Another one I found, and I think I am remembering this correctly, is that a photo of Hank Jennings in the RR, has a caption that says it was his "last day" at the RR. The photo is a still from season 1 and it was actually the first day he started working there after getting out of prison.
So these, along with Johnny Horne's age, and the major problem with Annie's age, are starting to not really look like they were intentionally changed to suit some kind of weird N-dimensional time shifts in TP. They look like a guy who can't remember what the fuck happened in the original series that he himself wrote! For me it's just about unforgivable that with material like this he would trust his memory and not fact-check it for himself which would take all of an hour.
There's alot of really ham-handed prose and exposition in TFD which frankly I never liked. It was neat to get some expansion there and certainly to find out more about the engimatic Judy, but it reads like something he wrote over a weekend and completely lacks nuance and mystery. It's artless and kind of embarrassing, especially employing a character's speculative thought as a facile device for expose over and over again.

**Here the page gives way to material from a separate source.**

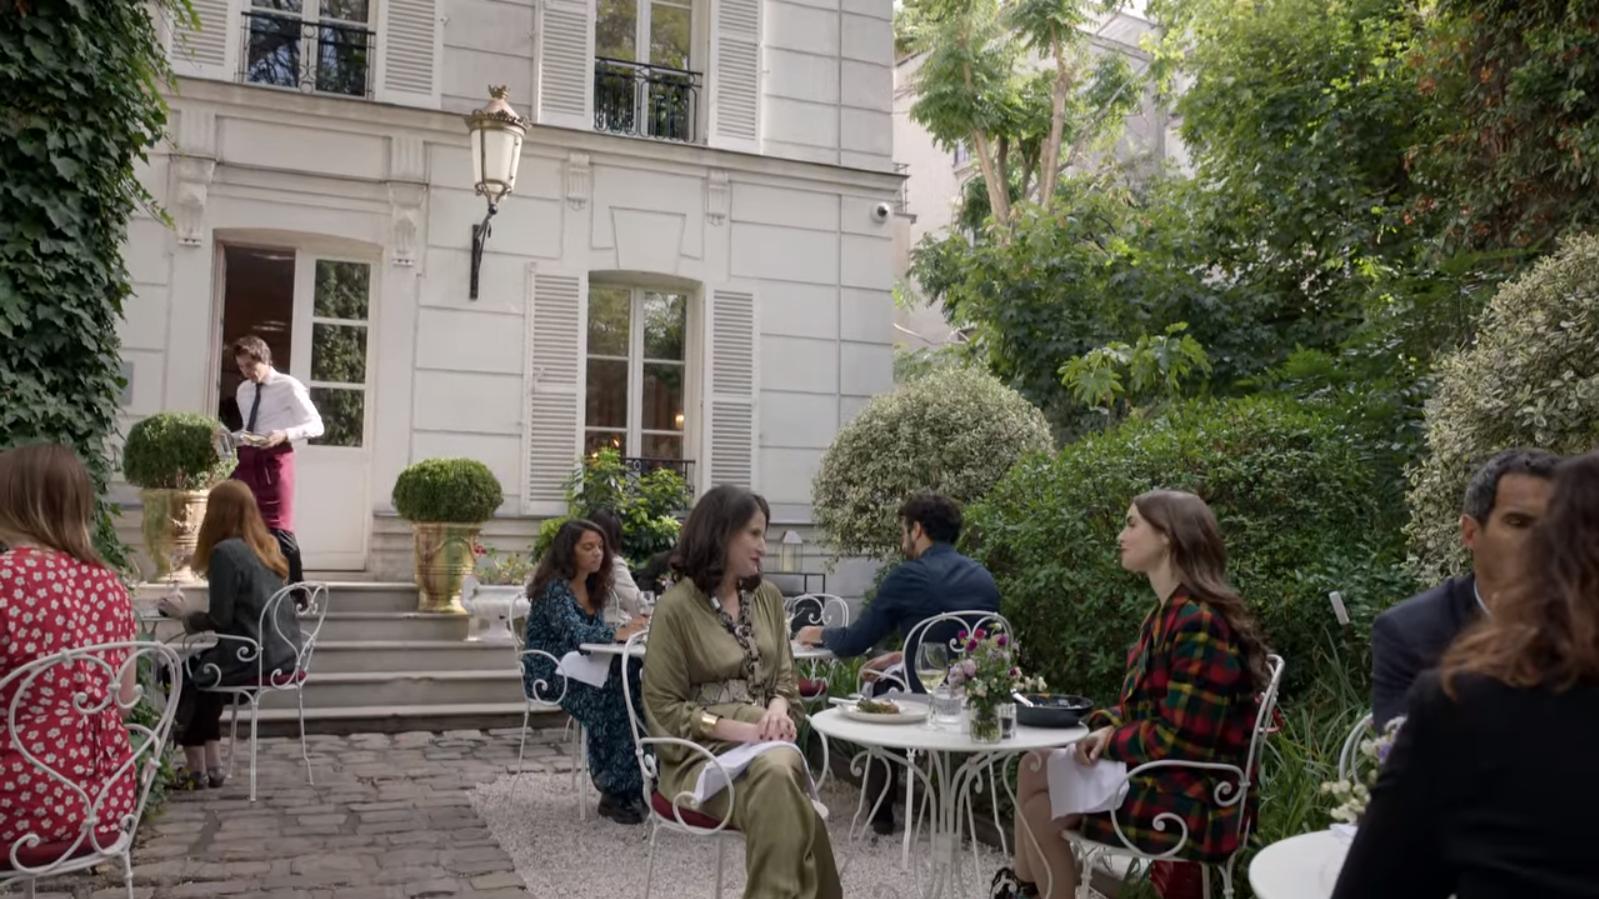 Vous ne déjeunez pas dans les jardins d'hôtels particuliers vous ?

Looking over transcripts from interviews with Sabrina Sutherland, she says Lynch had exactly zero to do with it and hadn't even read it. He certainly didn't sign off on it and the book shows no kind of collaboration or respect for Lynch's material so that really dissapoints me. At this point I reject it as canon because the contradictions are too many and too serious.
To be fair, the actual passage is:
"The next day, Ronette Pulaski—the girl who was abducted and nearly killed along with Laura, and who had apparently still been taken captive—escaped and ended up in the hospital after being found wandering along a railroad trestle, just like “before.” But she also testified that Laura had wandered off into the woods before she and Leo and Jacques entered the railroad car.
Laura was never there."
It doesn't actually say Leo still went to the train car, but that Ronette did and futhermore she was still assaulted there. It's just some of the circumstances of the assault have changed: Leo and Jacques are now the guilty parties, not Leiland.

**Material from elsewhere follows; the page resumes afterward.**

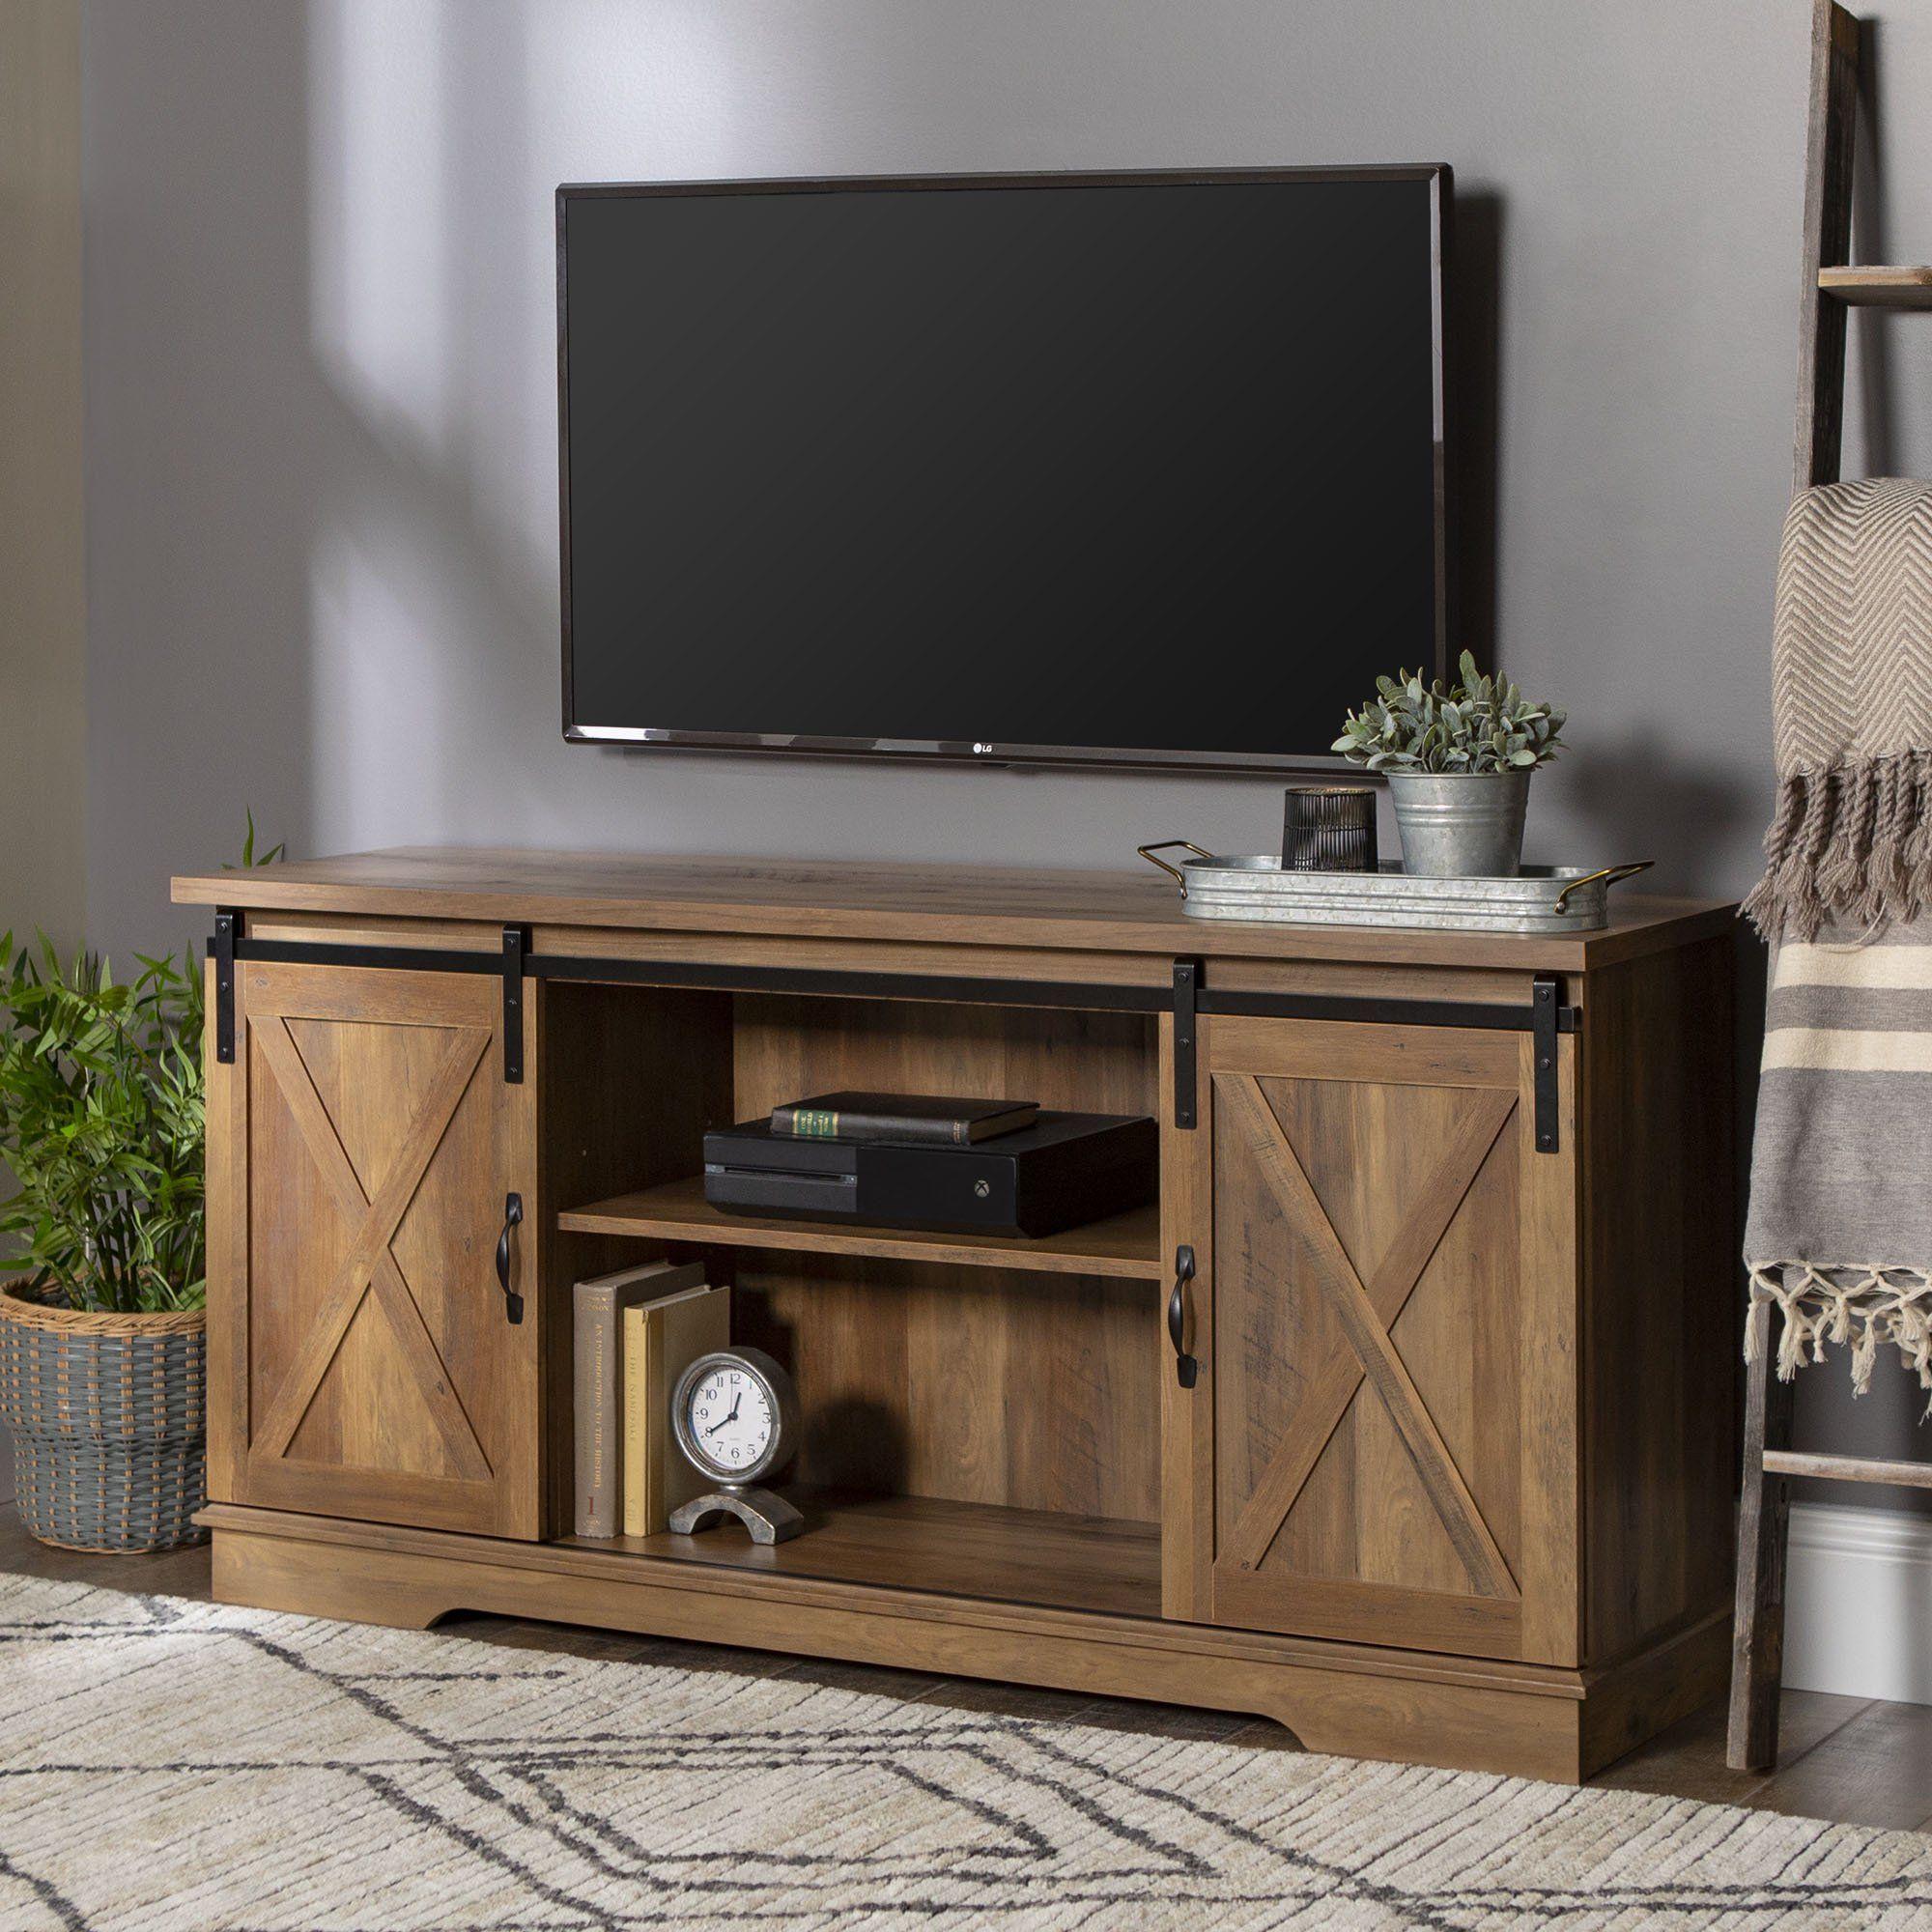 Manor Park Oak Barn Door Tv Stand For Tvs Up To 65 White Oak Walmart Com Walmart Com In 2020 Barn Door Tv Stand Barn Door Console Rustic Tv Stand

The way I read that whole section is this; although time can be meddled with, it also finds a way to keep certain fundamental events the same. Leiland still kills himself, Ronette still ends up in the train car, Coop still comes to town. The importance of these events in the grand scheme of existence is one that will be debated for a long long time, especially in light of episode 8, but I certainly don't think the end of the book clashes with the show. The Secret History you could make a good case for being non canon, and the first half of The First Dossier (the sections on Donna and family, and Annie) but I think the end chimes quite nicely with the show.
If we're talking 'ownership' of Twin Peaks, its as much Frost's as it is Lynch's. He's entitled to tell his version of the tale if he wants. I suppose the good thing about the books is, if you want, they can be as much canon or as easily ignored as you want them to be. The show will always be the core. But I like that the books are there.
I'm really glad we have the books to read and enjoy, they sustain me now that the telly show is done and doesn't appear to be coming back. I would be quite happy to see the Twin Peaks universe continue in written form, but I suspect that's not likely to happen. For now, I'll just continue to enjoy all the offerings that we've had.